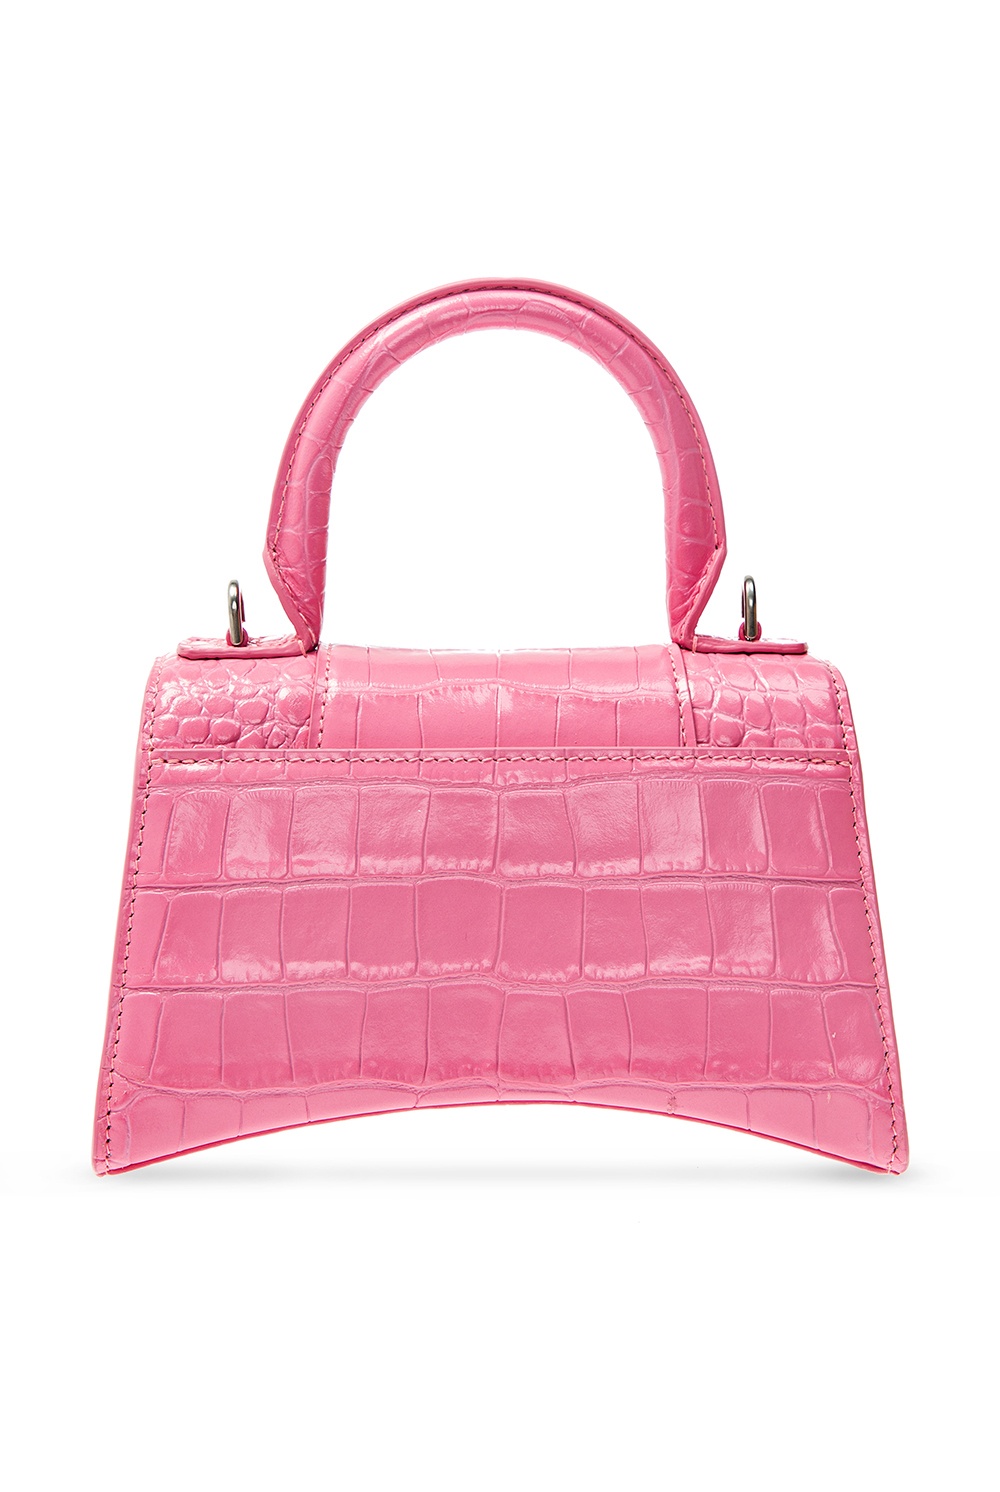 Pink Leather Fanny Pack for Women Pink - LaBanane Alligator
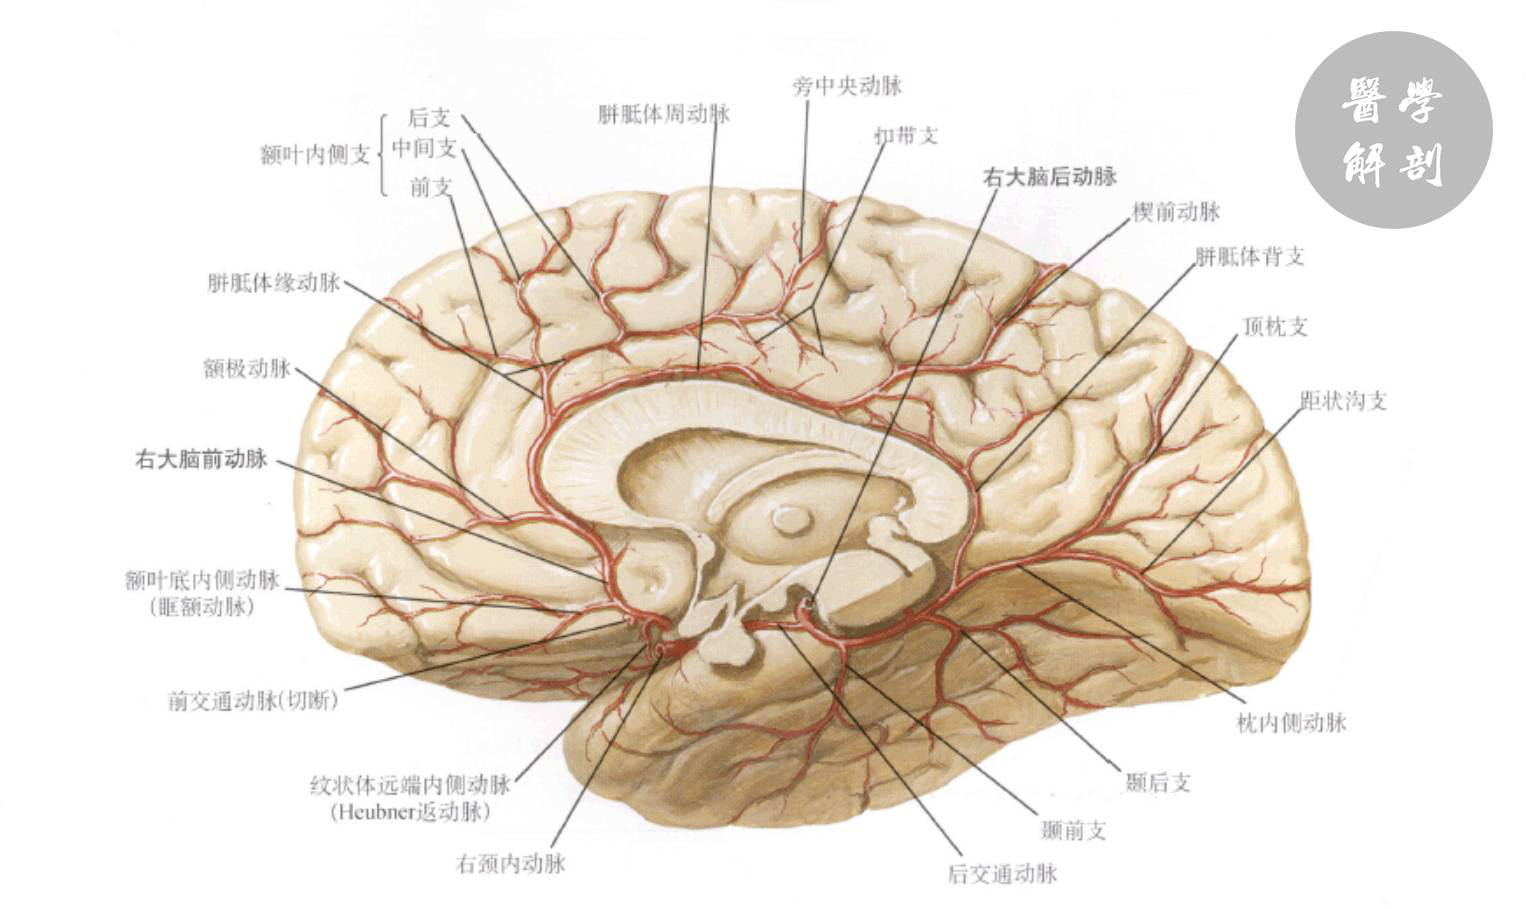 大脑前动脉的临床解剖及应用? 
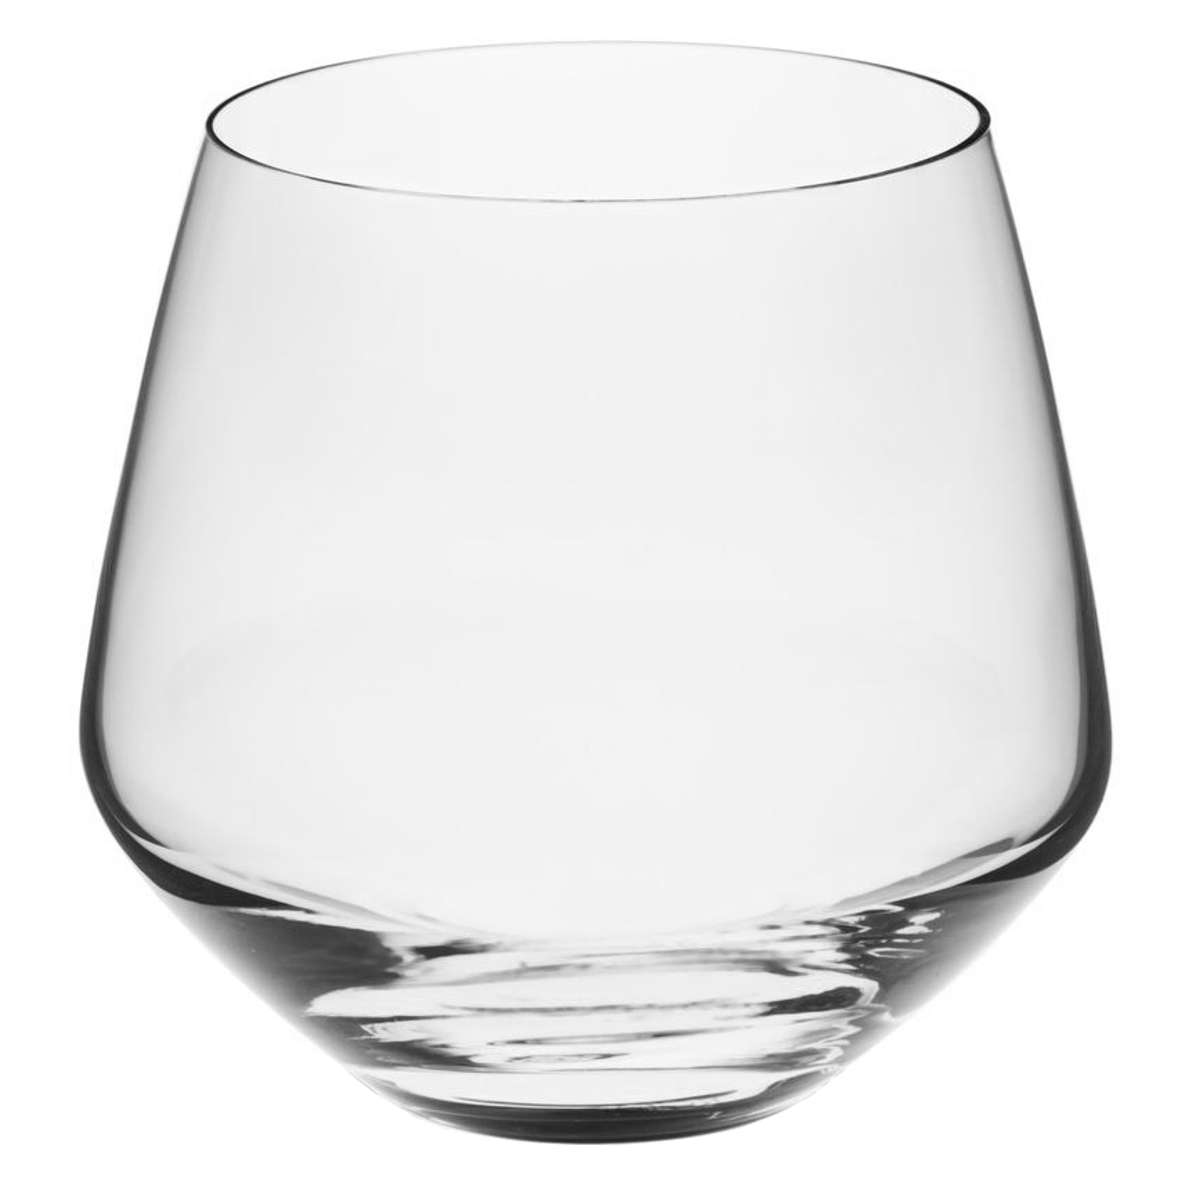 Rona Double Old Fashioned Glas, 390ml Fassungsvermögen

==

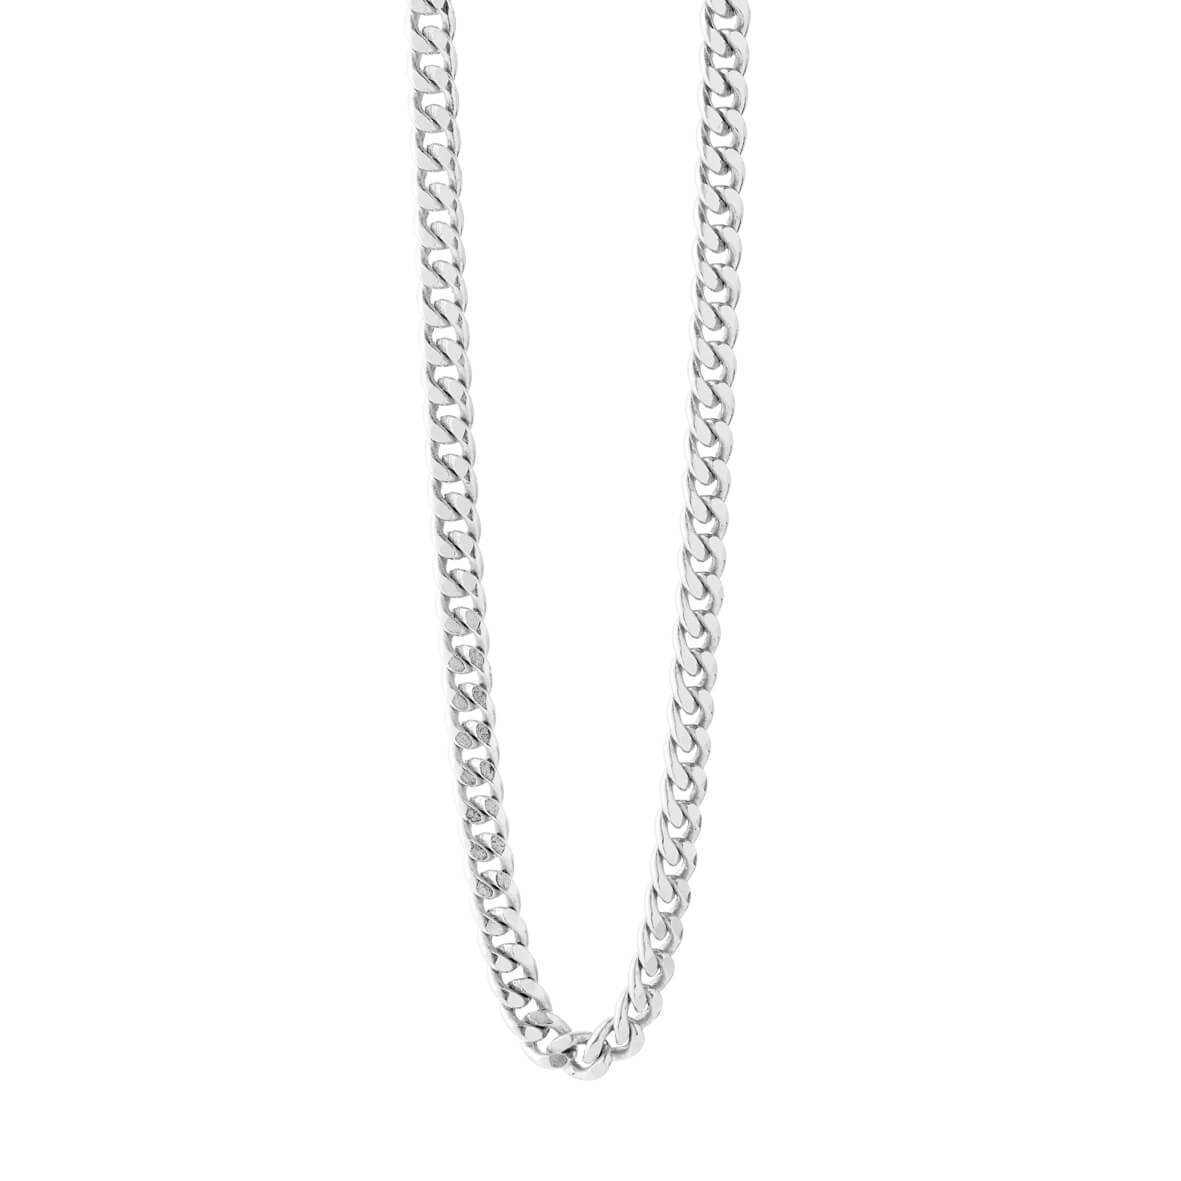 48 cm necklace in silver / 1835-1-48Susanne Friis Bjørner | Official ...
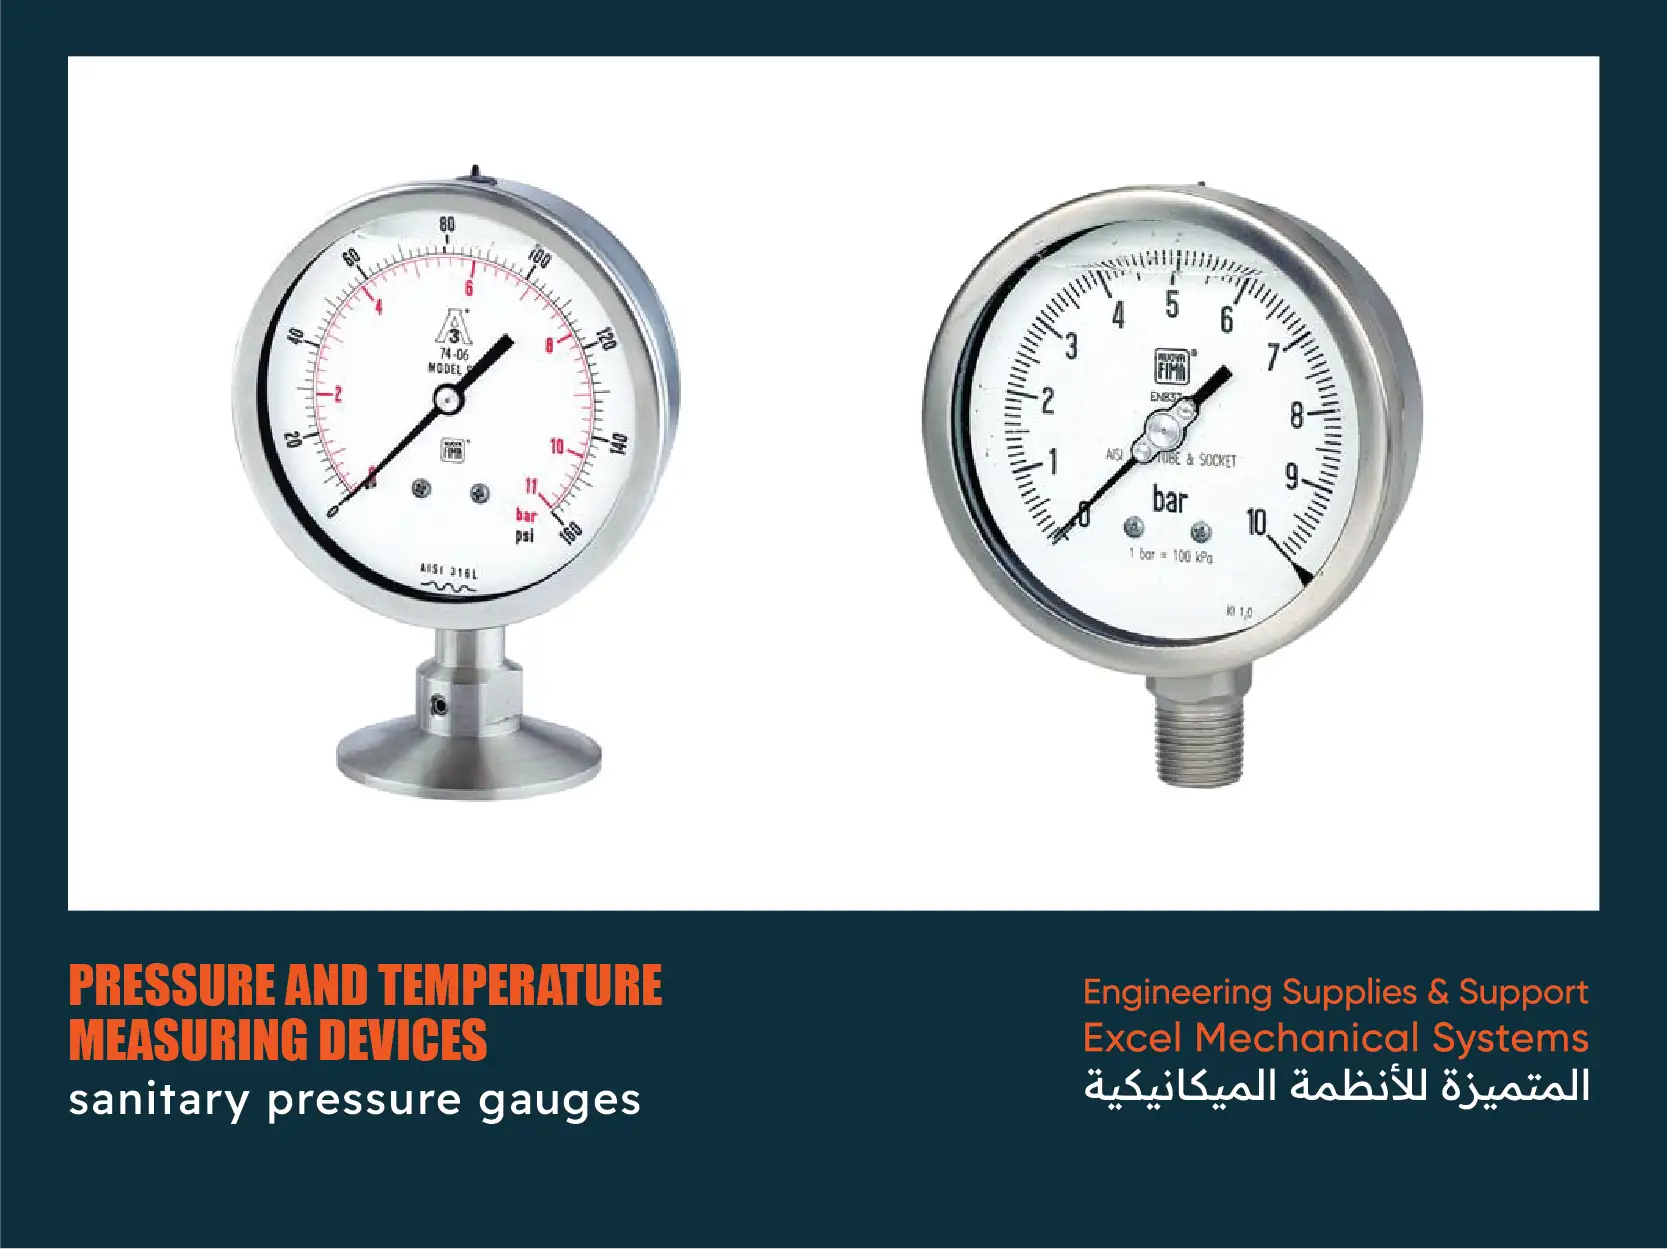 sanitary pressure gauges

> **PROBLEM TO SOLVE**: Your answer is the exact run of lines above from the one with "48 cm necklace" through the one with "sanitary pressure gauges", both ends included, minus any picture.

> **RESPONSE AREA**:
 48 cm necklace in silver / 1835-1-48Susanne Friis Bjørner | Official ...
 sanitary pressure gauges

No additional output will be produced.